Feeder ampacity = 1.25 x largest motor FLC + remaining motor FLC + 1.25 x continuous non-motor current + non-continuous non-motor current.
Enter the largest motor FLC, combined remaining motor FLC, and non-motor kVA below to screen MCC feeder ampacity and a planning spare-capacity view.
Example Calculations
How to Use
What this motor control panel load calculator does
This page is for one specific question: what feeder ampacity should you screen when a motor control panel or motor control center serves multiple motors plus optional line-side non-motor load? It is not a full MCC design package, breaker selector, conductor selector, or SCCR review tool.
Feeder-load basis
The screen follows the familiar multiple-motor feeder logic used in U.S. practice: one largest motor is counted at 125%, the remaining motors are counted at 100%, continuous non-motor load is counted at 125%, and non-continuous non-motor load is counted at 100%.

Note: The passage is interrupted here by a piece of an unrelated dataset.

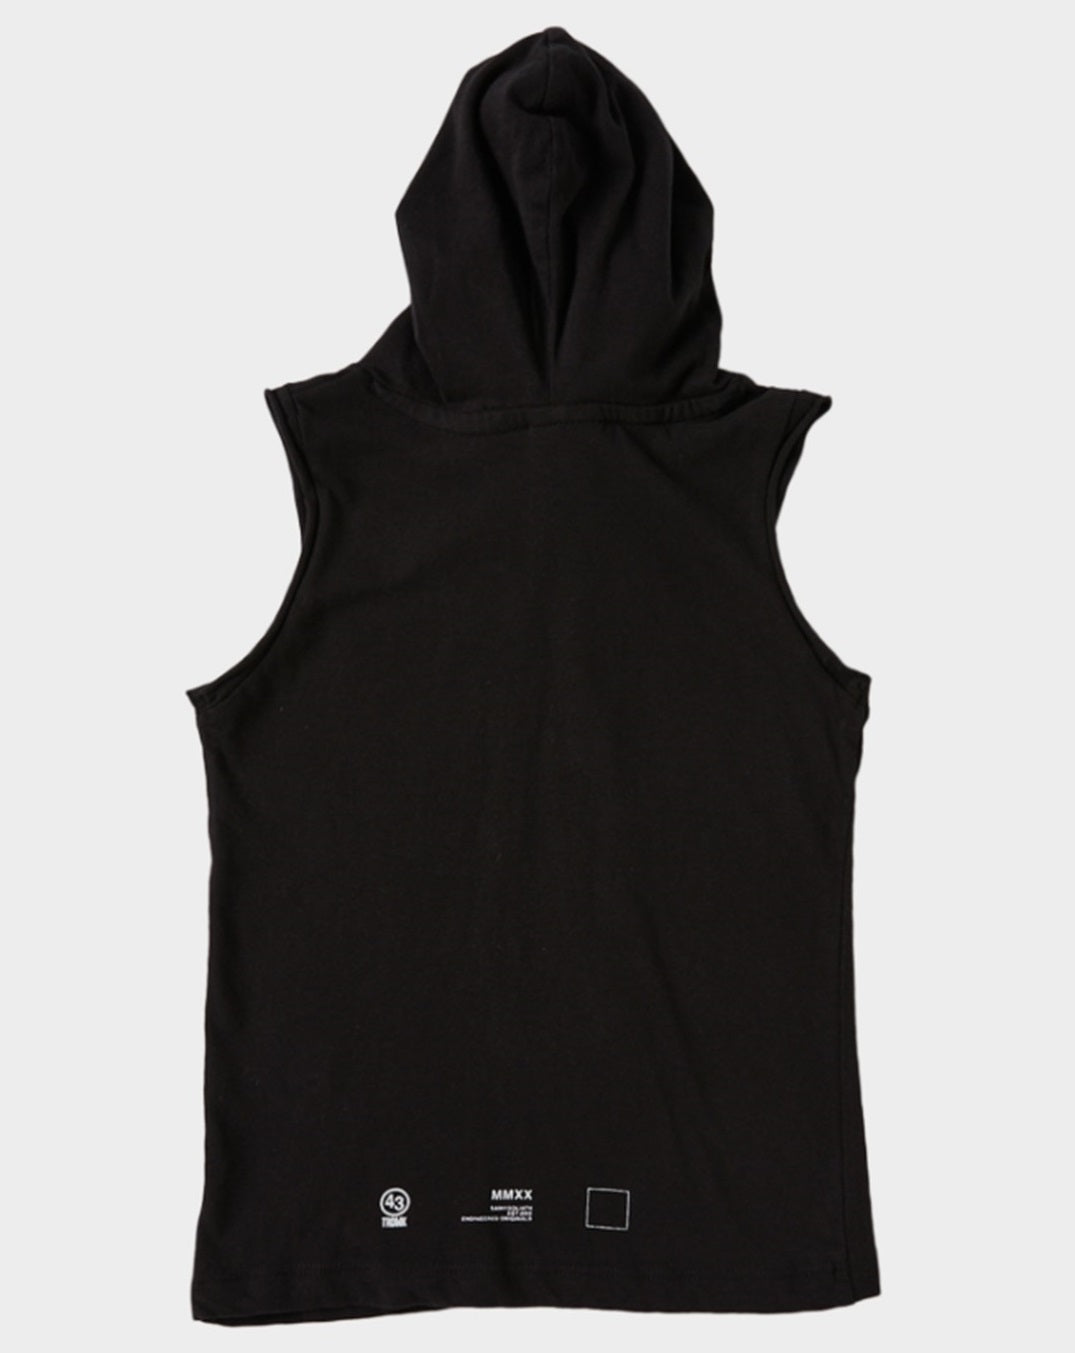 St Goliath Prime Muscle Tee - Black

Required feeder ampacity = 1.25 x largest motor FLC + remaining motor FLC + 1.25 x continuous non-motor current + non-continuous non-motor current
Inputs that matter
- Largest motor full-load current: use one motor only, even if several motors tie for largest FLC
- Combined remaining motor FLC: add every other motor on the same feeder at 100%
- Continuous non-motor load: convert the stated kVA to current at the selected panel voltage, then apply 125%
- Non-continuous non-motor load: convert the stated kVA to current at the selected panel voltage and count it at 100%
Worked screening example
Suppose a 480 V MCC serves one 65 A largest motor, 96.6 A of remaining motors, and 3 kVA of continuous non-motor load.
- Largest motor contribution: 65 A x 1.25 = 81.25 A
- Remaining motors contribution: 96.6 A
- Continuous non-motor contribution: 3 kVA x 1000 / (sqrt3 x 480) x 1.25 = 4.51 A
- Required feeder ampacity: 81.25 + 96.6 + 4.51 = 182.36 A
If you add a 25% planning spare-capacity allowance, the planning screen rises to about 227.95 A. That planning result is useful for budgeting or bucket-space discussions, but it is not a substitute for the actual design basis and final equipment schedule.
Scope limits
- This page assumes you already know the motor full-load current values you want to use.

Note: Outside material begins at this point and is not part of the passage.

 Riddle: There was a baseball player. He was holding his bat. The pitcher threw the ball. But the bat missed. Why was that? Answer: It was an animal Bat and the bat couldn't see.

- This page does not derive motor FLC from horsepower or nameplate efficiency assumptions.
- This page does not size breakers, conductors, overloads, branch-circuit protection, or SCCR.
- This page does not prove that multiple motors will or will not run together. If diversity is part of the design basis, document it outside this screen.
Use the Motor Current Calculator when you still need a preliminary current basis. Use the Motor Cable Size Calculator when the next question is branch-circuit conductor screening. Use the Short Circuit Calculator when the real concern is fault current and downstream duty instead of feeder ampacity.
Common Applications
More applications. Open to review 2 additional use cases.
Frequently Asked Questions
Should I enter horsepower or actual motor full-load current on this page?
What if two or more motors tie for the largest full-load current?
Can I use this page to pick the MCC main breaker or feeder conductor?
Why does the page ask for non-motor load in kVA?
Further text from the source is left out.